When running, werf saves data both to the container registry and on the host.
In the case of the container registry, it deletes all outdated images based on the cleanup policies and the fact that Kubernetes still use that particular image. In the case of the host, all data can be divided into two categories: cache – the temporary data generated by werf that are no longer needed, and local Docker stages – werf creates them if used without the container registry.
There are dedicated commands in werf for cleaning up the container registry and the host. In the case of the container registry, werf only cleans up data related to the specific project, while the host cleanup covers all projects at once.

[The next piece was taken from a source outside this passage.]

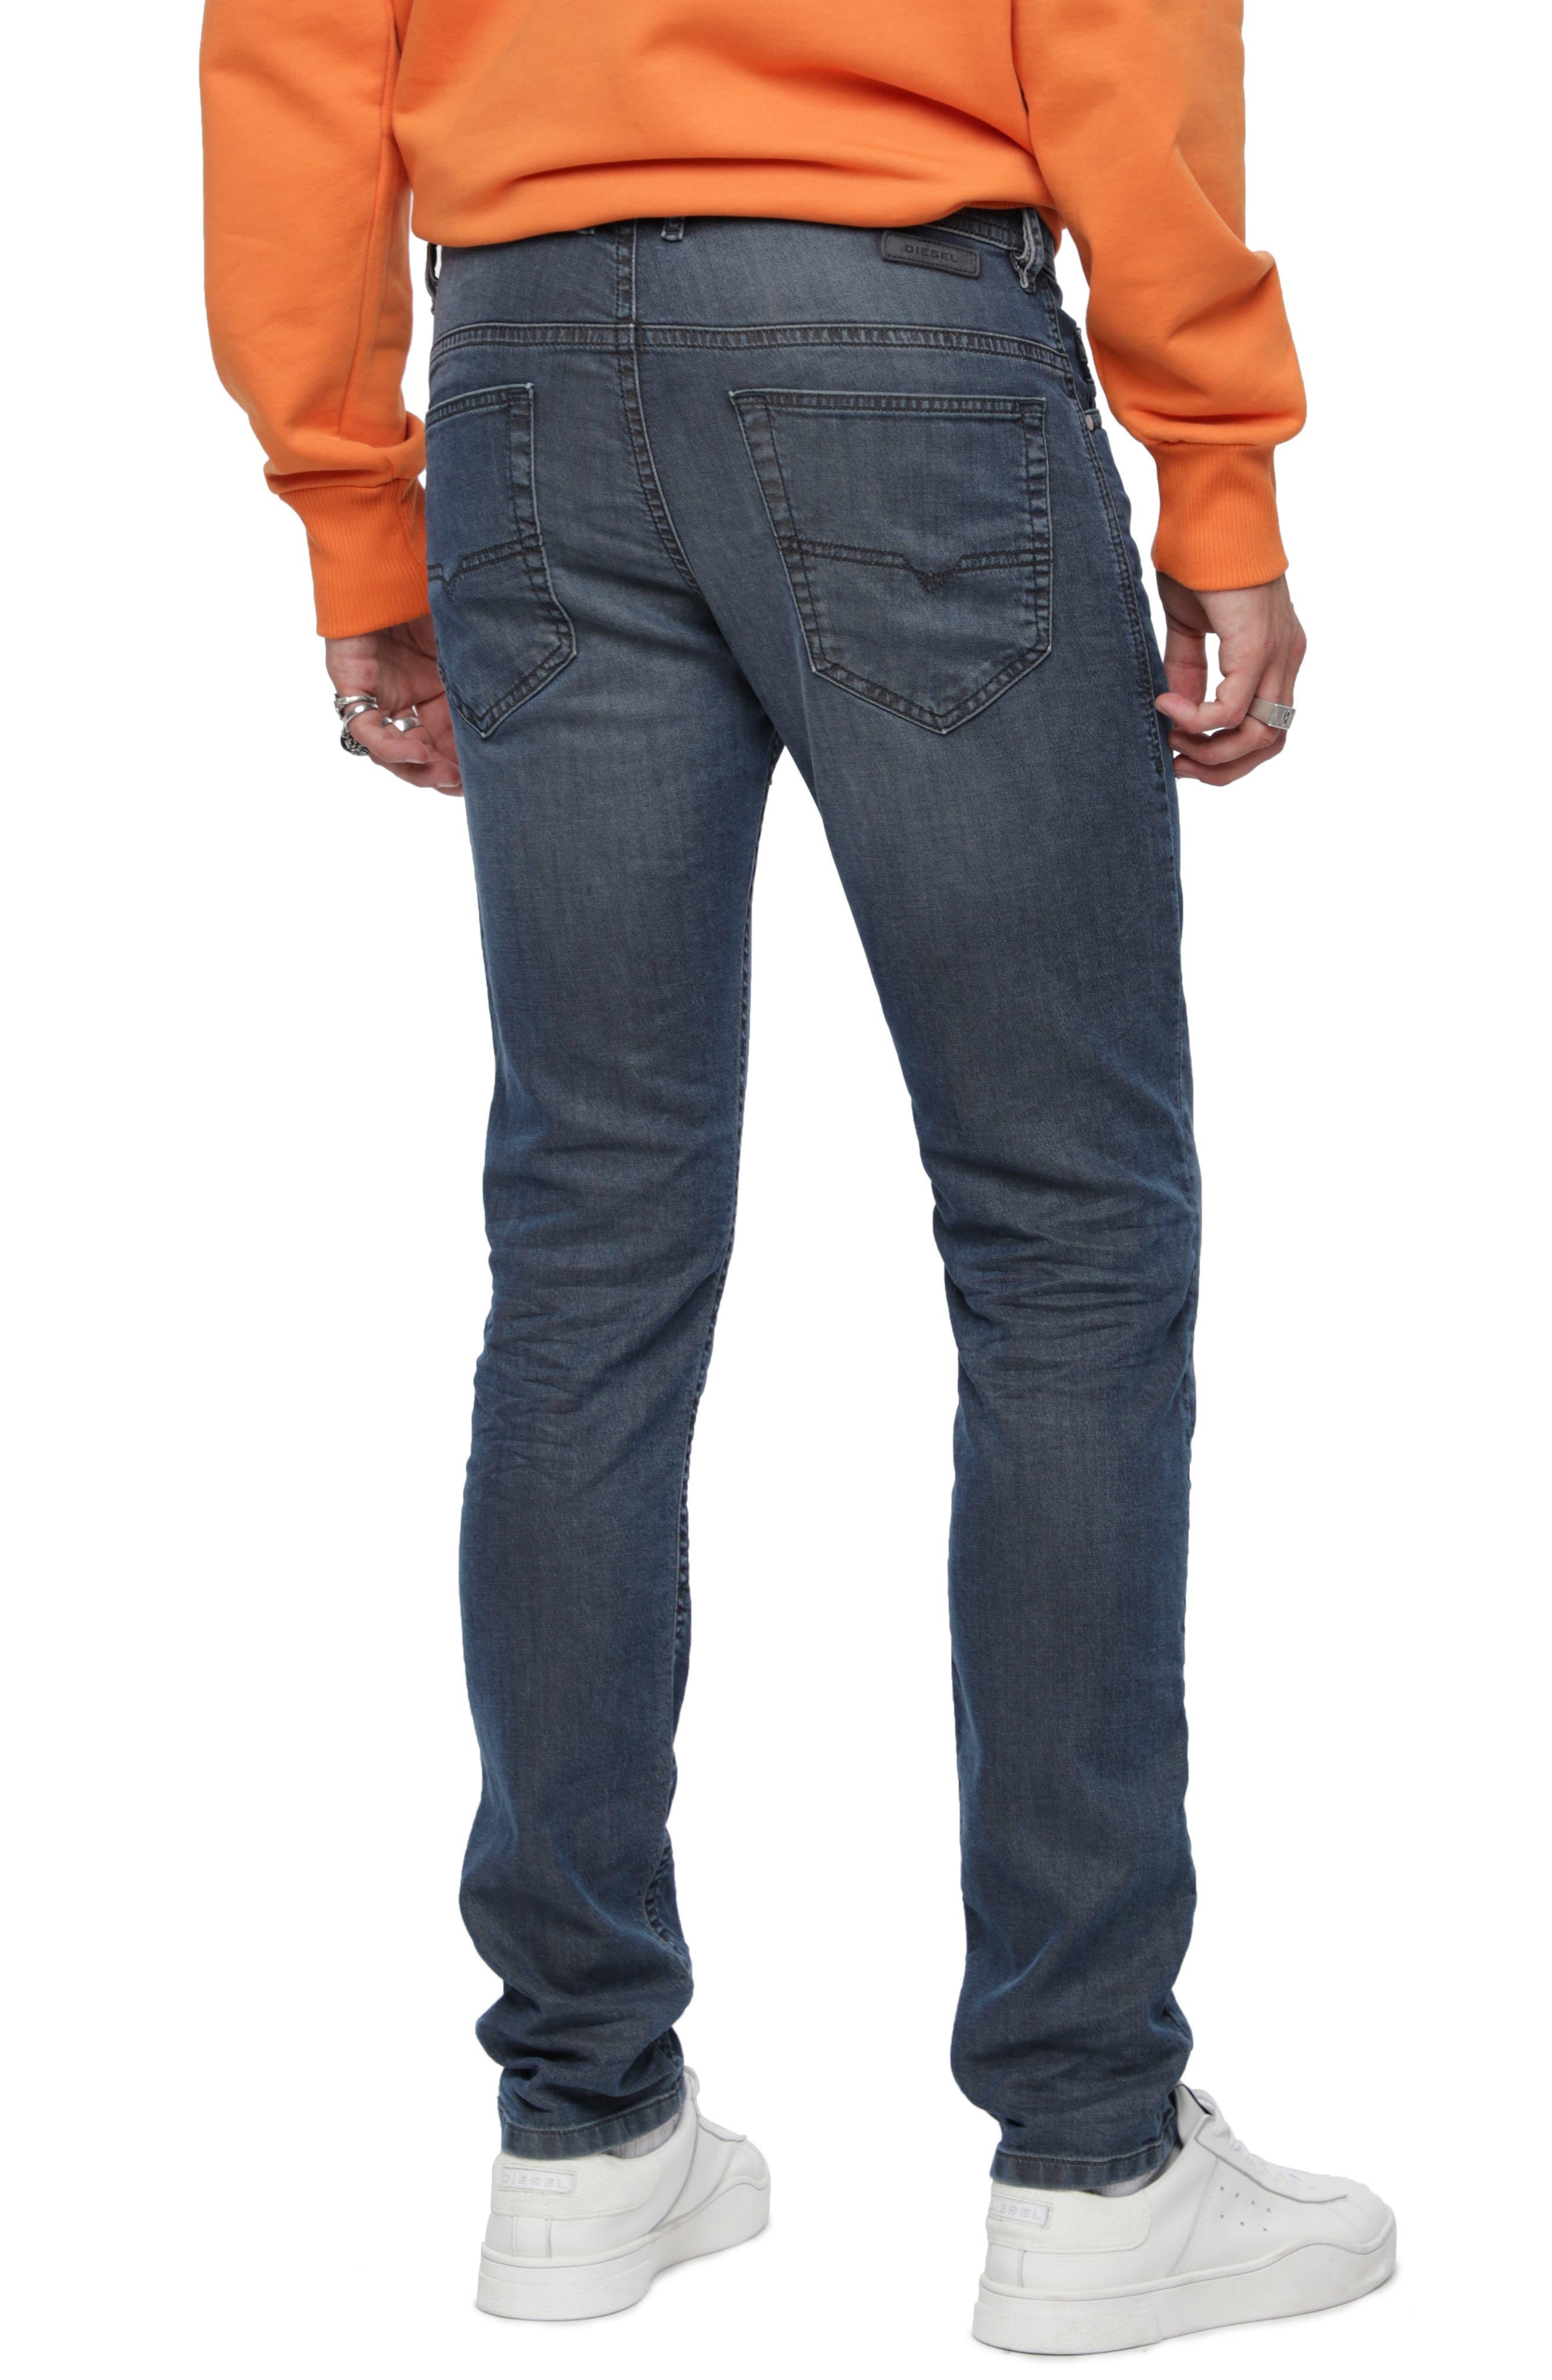 Thommer Slim Fit Jeans,                             Alternate thumbnail 2, color,                             084ZJ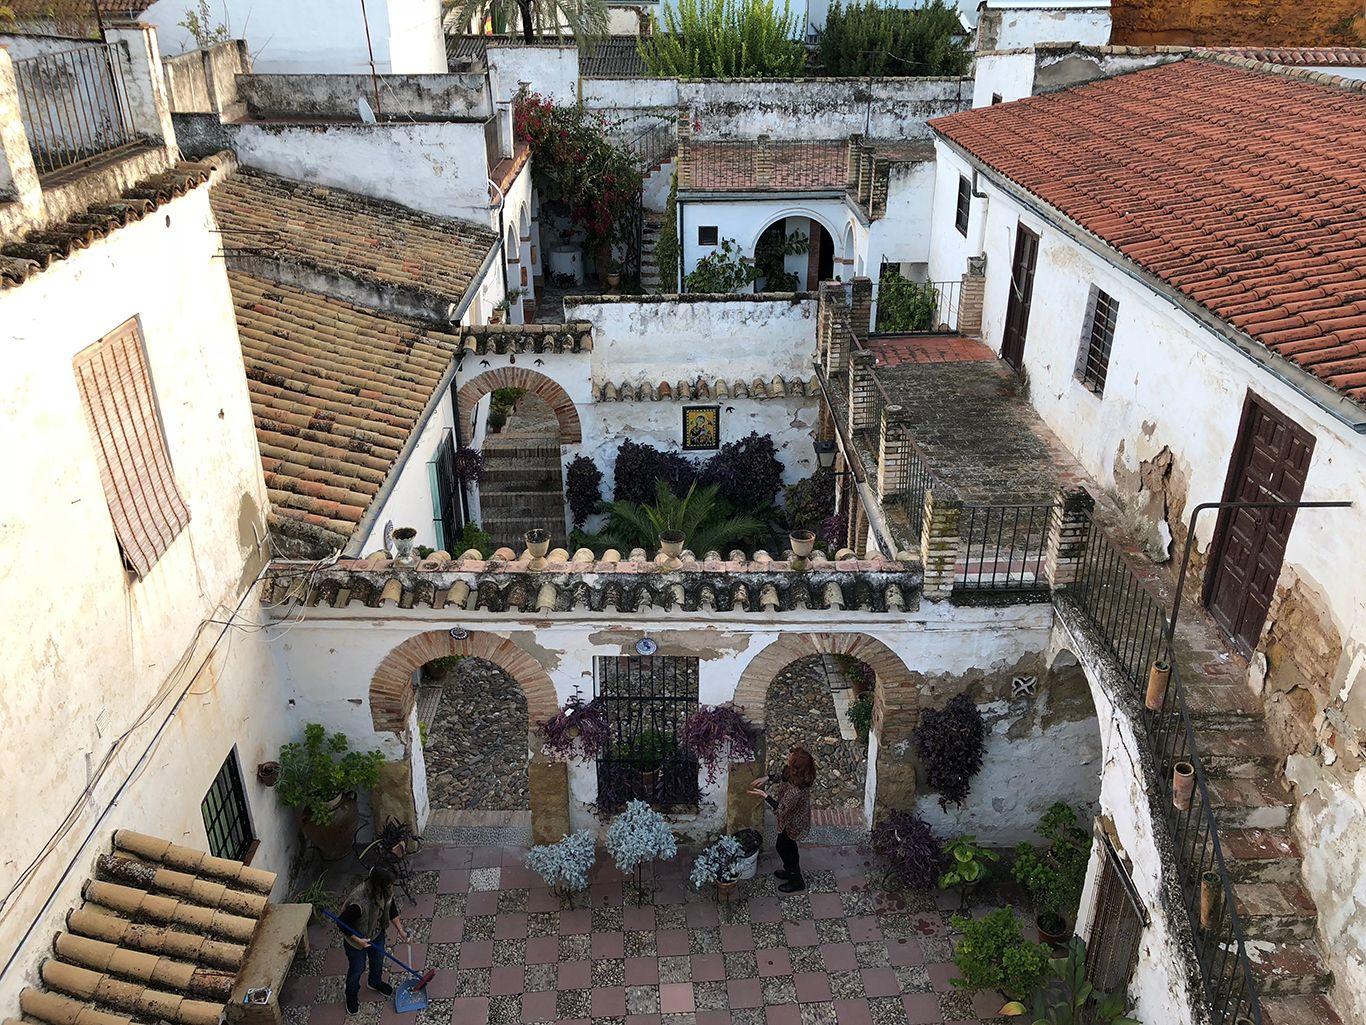 The courtyard houses of Axerquía in Córdoba, Spain

Single project | All projects | |
---|---|---|
Cleaning up outdated data in the container registry | werf cleanup --repo REPO |
- |
Complete cleanup of the container registry | werf purge --repo REPO |
- |
Cleaning up outdated data on the host | werf host cleanup --project-name PROJECT * |
werf host cleanup |
Complete cleanup of the host | werf host purge --project-name PROJECT * |
werf host purge |
, where * indicates partial functionality.
It is worth noting that:
- You can safely clean up the outdated data at any time, manually or automatically, with no risk of losing critical data that are used in production.
- Moreover, werf can automatically clean up the outdated data on the host as part of any werf command’s regular operation.
- werf isn’t supposed to run the complete data cleanup automatically due to the possibility of losing data used in production. The total data cleanup should be run manually and by a knowledgeable person.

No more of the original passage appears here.